Del autor del Crótalon, el que imaginó las muchas vidas del gallo transmigrador, creemos que se llamaba Cristóbal de Villalón. Pero ¿quién fue este Cristóbal de Villalón, hombre del siglo XVI? No sabemos casi nada. Los eruditos han encontrado rastros de gente de tal nombre. Uno era mercader; otro borceguillero; «otro casado con cierta Catalina de Cárdenas»; otro, esclavo en Argel por el mismo tiempo del cautiverio de Cervantes...

¿Otro? ¿El mismo? El que imaginó vivir muchas vidas, apenas puede deslindar la suya, confundida en la fosa común de los homónimos.

Dentro de la enorme masa de vivientes, continuamente renovada, resulta difícil distinguir personalidades. En un libro de la Edad Media, El filósofo Segundo, se registran las respuestas que este supuesto filósofo dio a un supuesto emperador:

-¿Qué es el hombre? -pregunta el emperador.

Y el filósofo contesta:

-Voluntad encarnada, fantasma del tiempo...

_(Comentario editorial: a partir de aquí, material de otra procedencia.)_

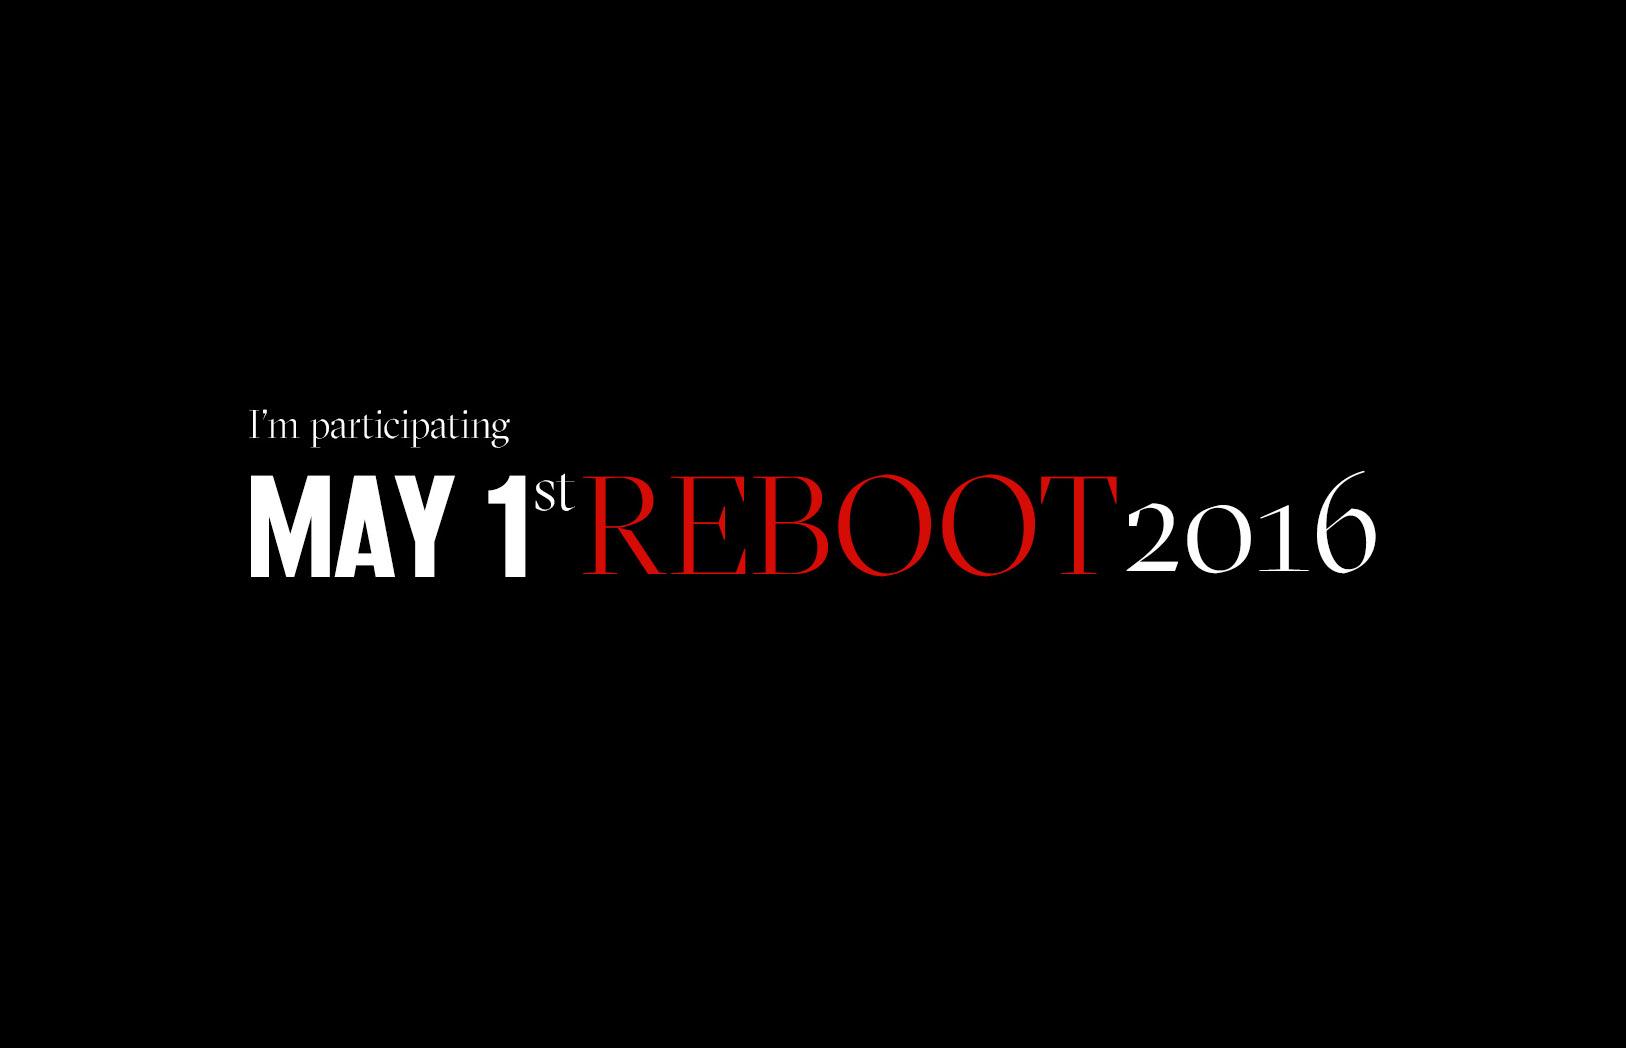 May1reboot_half
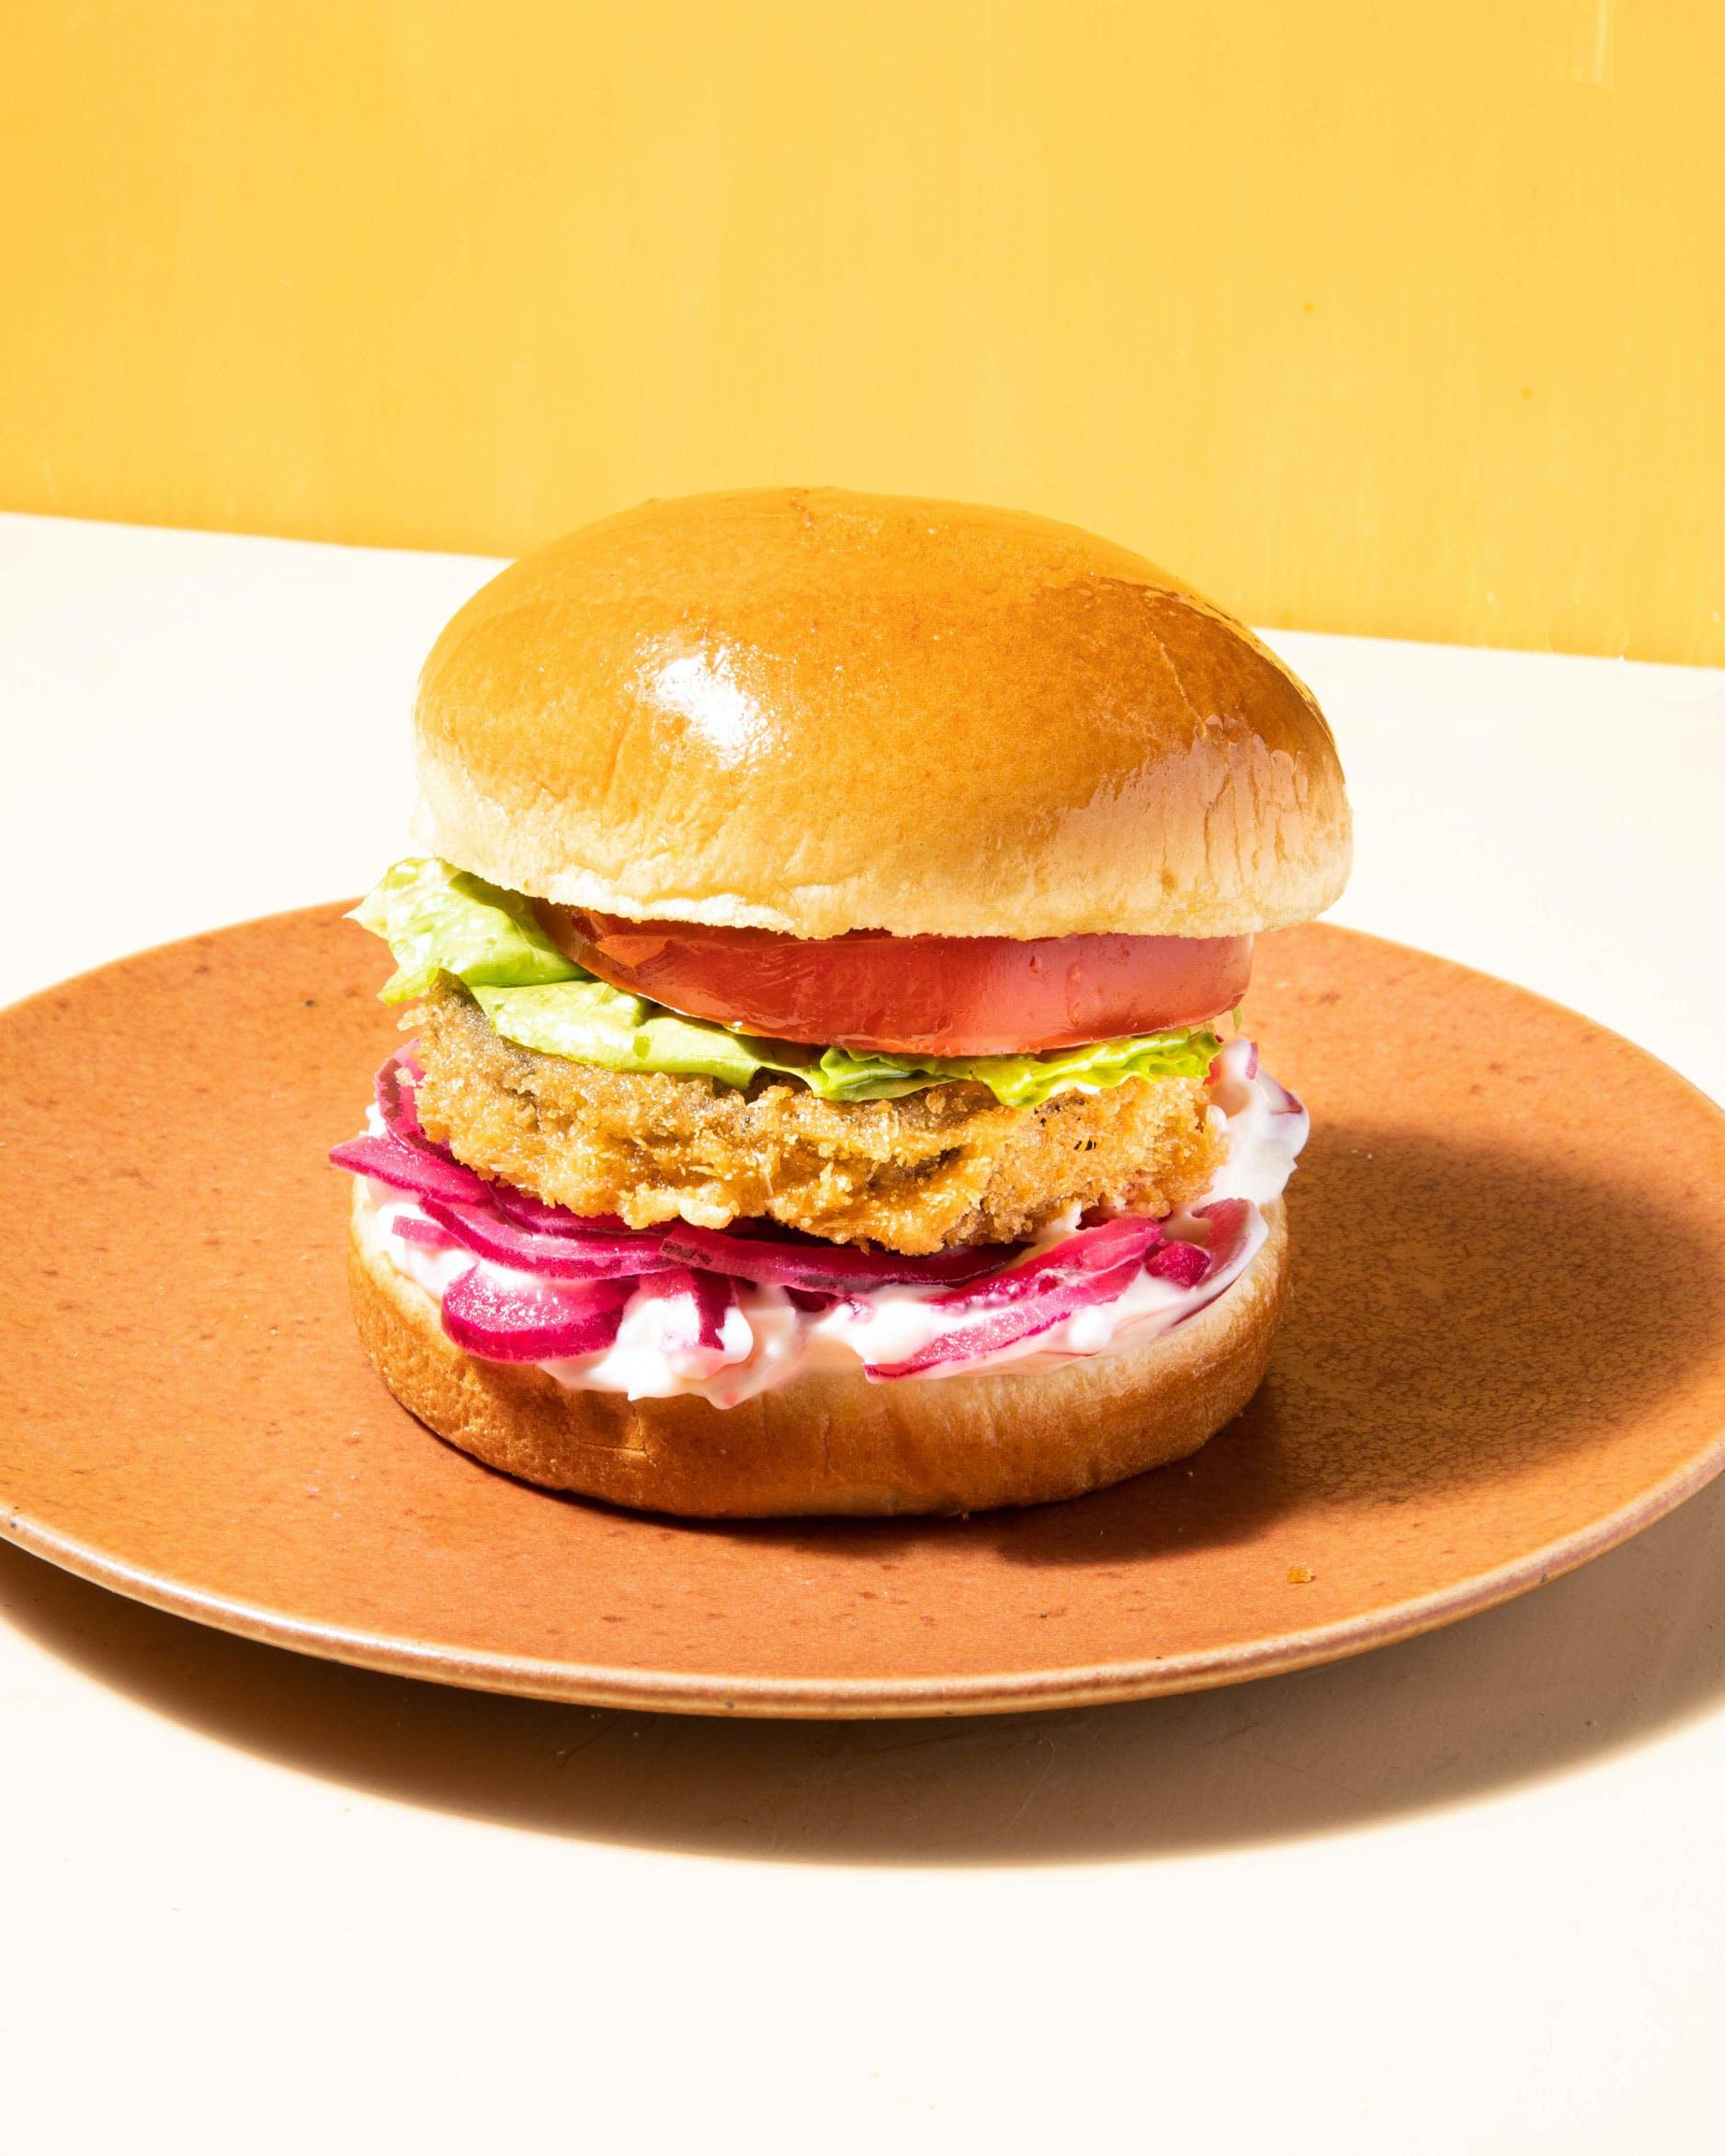 aubergine burger on plate

Mucho después, otro filósofo, llamado Schopenhauer, daría una respuesta parecida. La voluntad es lo que realmente existe, encarnada en múltiples   -144-   figurillas humanas, fantasmas del tiempo que tienen la ilusión de ser individuales, de tener personalidad...

-No hay vidas completamente ajenas -piensa el hombre ante la vidriera de la librería-. Todas las vidas son un poco de todos y a cada uno le toca algo de cualquier excelencia o miseria de la especie.

Pero recuerda, de pronto, que se ha quedado mucho rato perdido en divagaciones. Y el hombre continúa su marcha por la calle, mezclado -como una gota de agua en la corriente- en el apretujado remolino del gentío.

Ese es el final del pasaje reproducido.